These songs are anthems for quarantine gloom.
Brooklyn's Sister. has released their debut EP, "Soft Spot."
Written, recorded, and produced entirely in quarantine, it's profoundly world-weary—like many of us have likely been feeling during the pandemic. But altogether the album is spellbindingly beautiful, studded with surprising and innovative musical touches and held together by stunning lyrics.

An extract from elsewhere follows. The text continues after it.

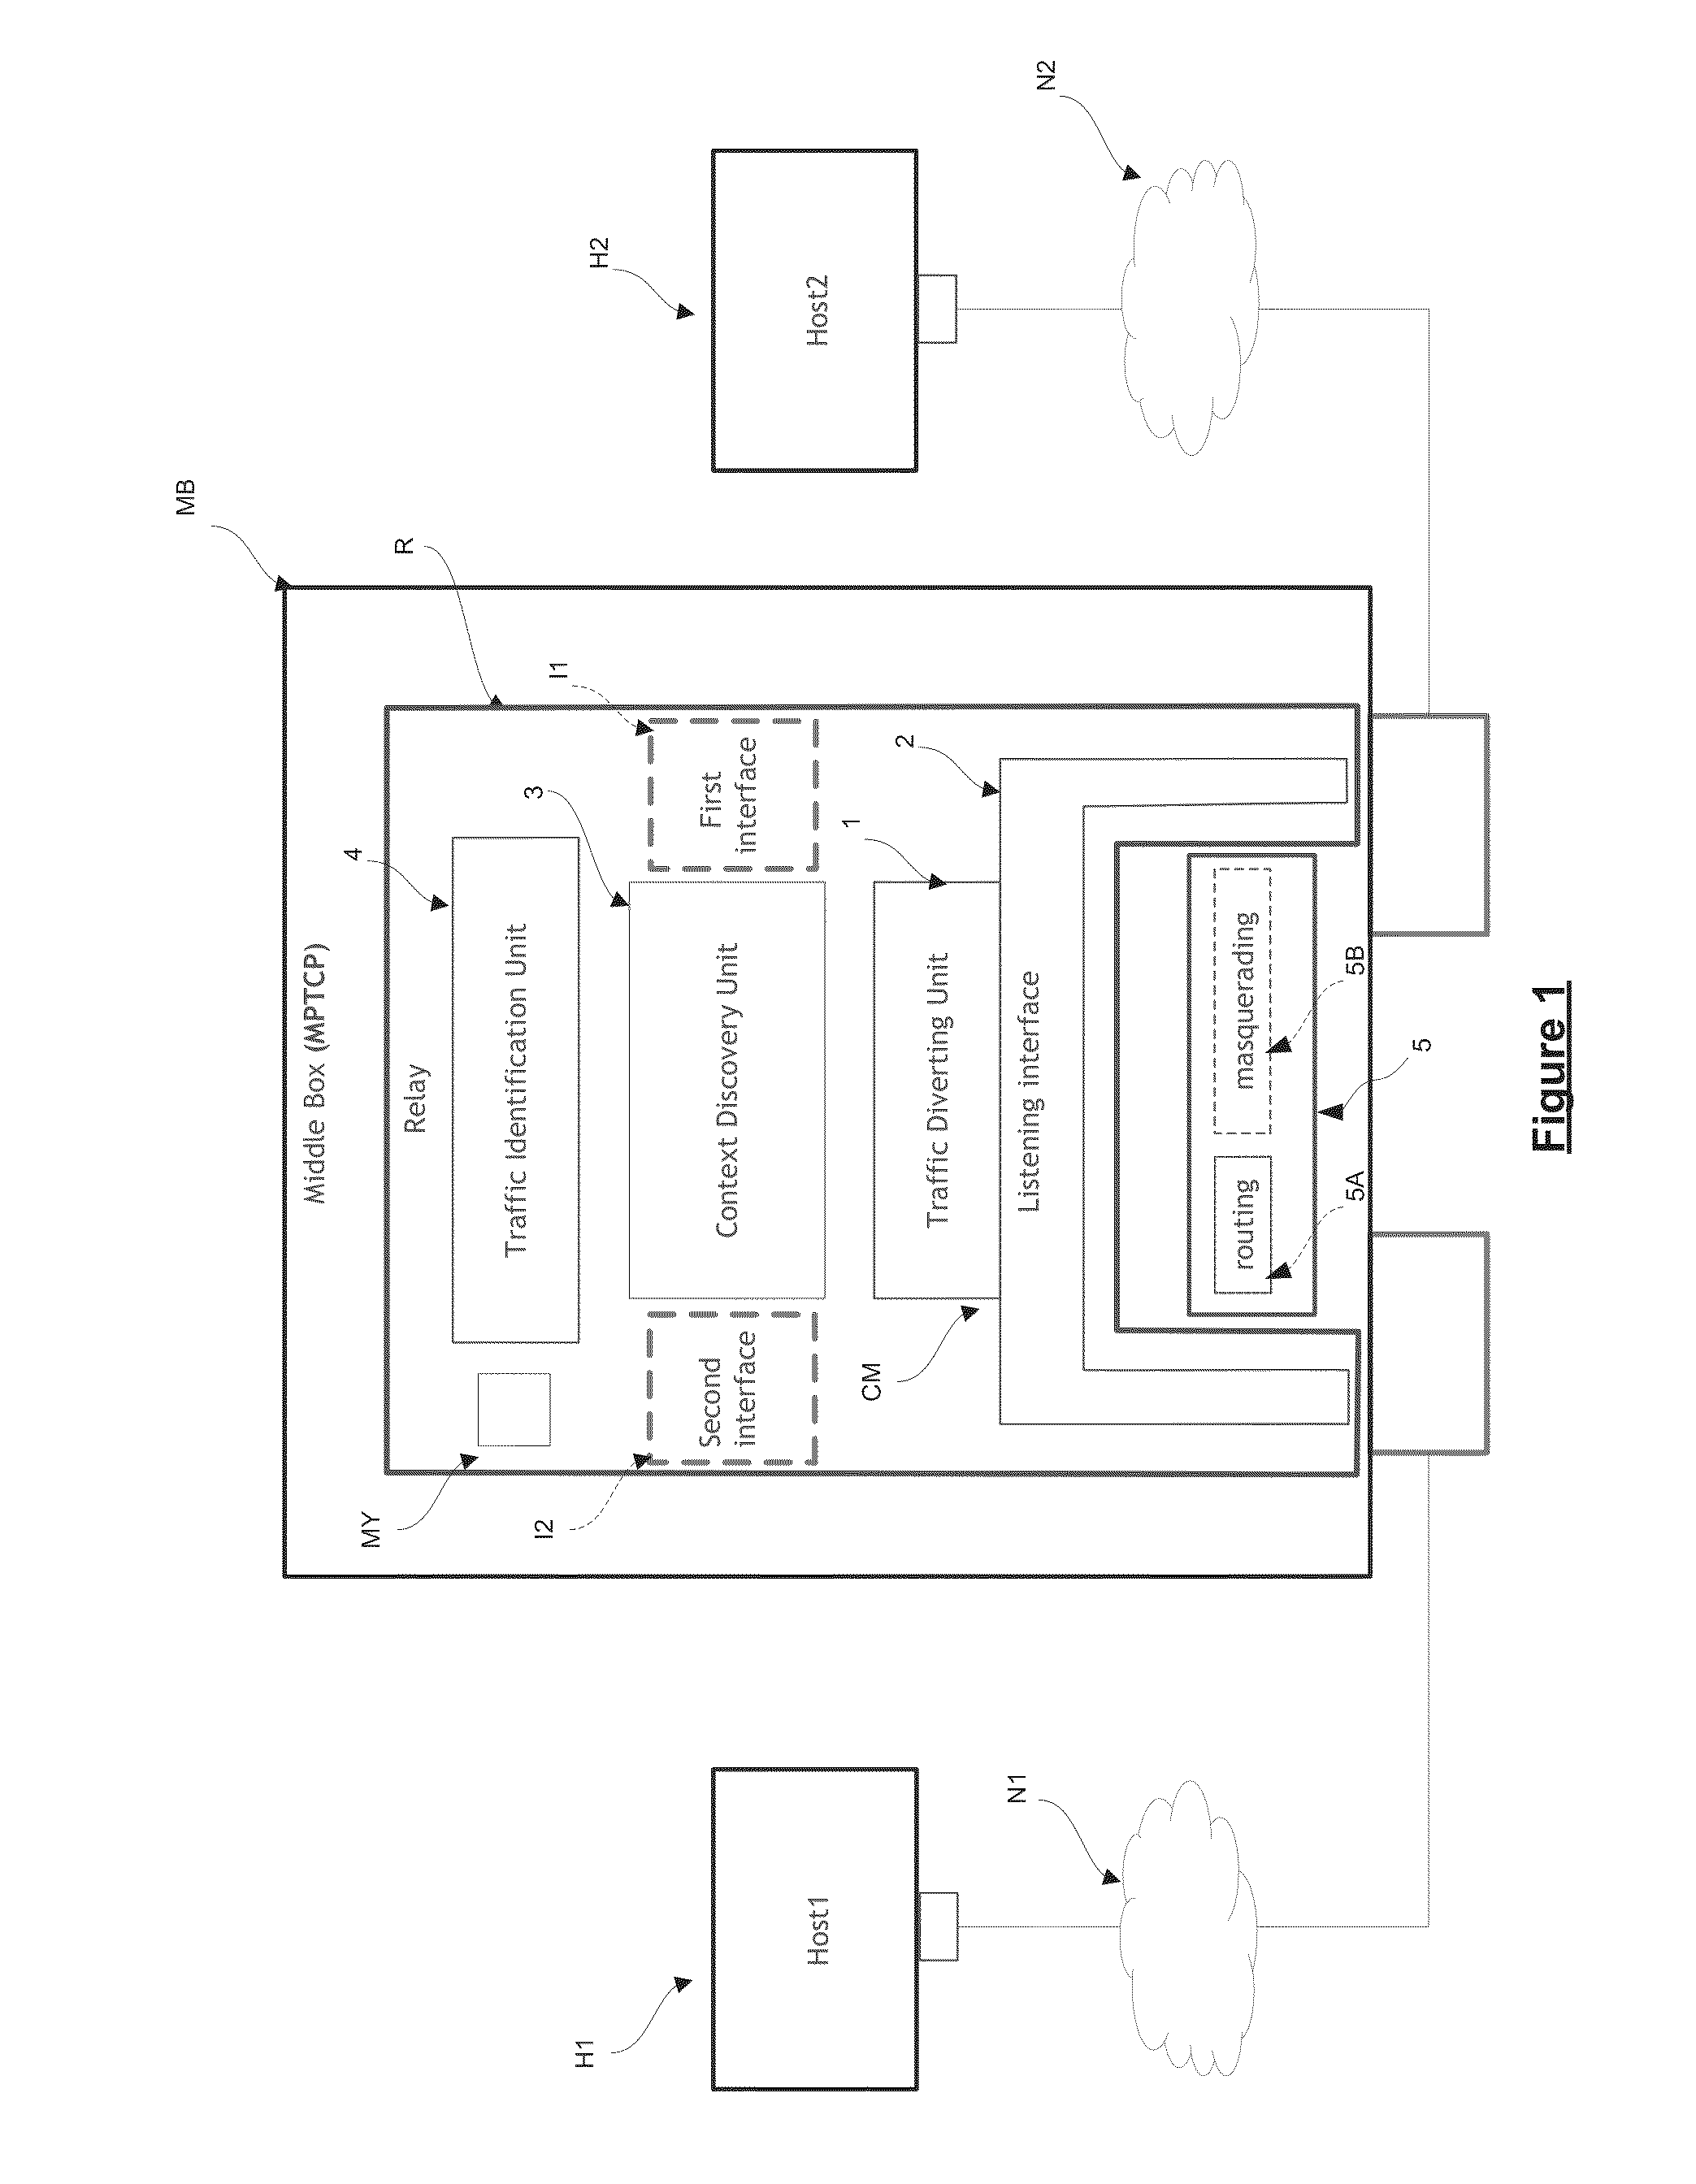 Method for connecting a first host and a second host within at least one communication network through a relay module, corresponding relay module

Sister. is a project by Hannah Pruzinsky and Ceci Sturman. Originally roommates at St. John's University in Queens, they now live together in Bed-Stuy, where they created the entirety of "Soft Spot." The band also includes guitarist James Chrisman, who assisted with production and recording via video chat.
The album's first song, "Natural Disaster," is a song about fear and climate grief and living in a world that seems fundamentally broken. In a world where we're seeing more hurricanes, wildfires, and other disasters than ever before, songs like "Natural Disaster" are necessary to help us metabolize and comprehend climate change.
"I've learned to hold my dreams in a cage / Till Mother Nature can prove they're safe," read the lyrics, a sentiment that will sound familiar to anyone trying to plan for the future against the immensity of climate change and in a world that seems increasingly fragile. For a song so full of anxiety, it's sonically transportive and serene. Delicate piano riffs, creaking synths, and dark strings add scope, making the song feel like it's cracking open by the end.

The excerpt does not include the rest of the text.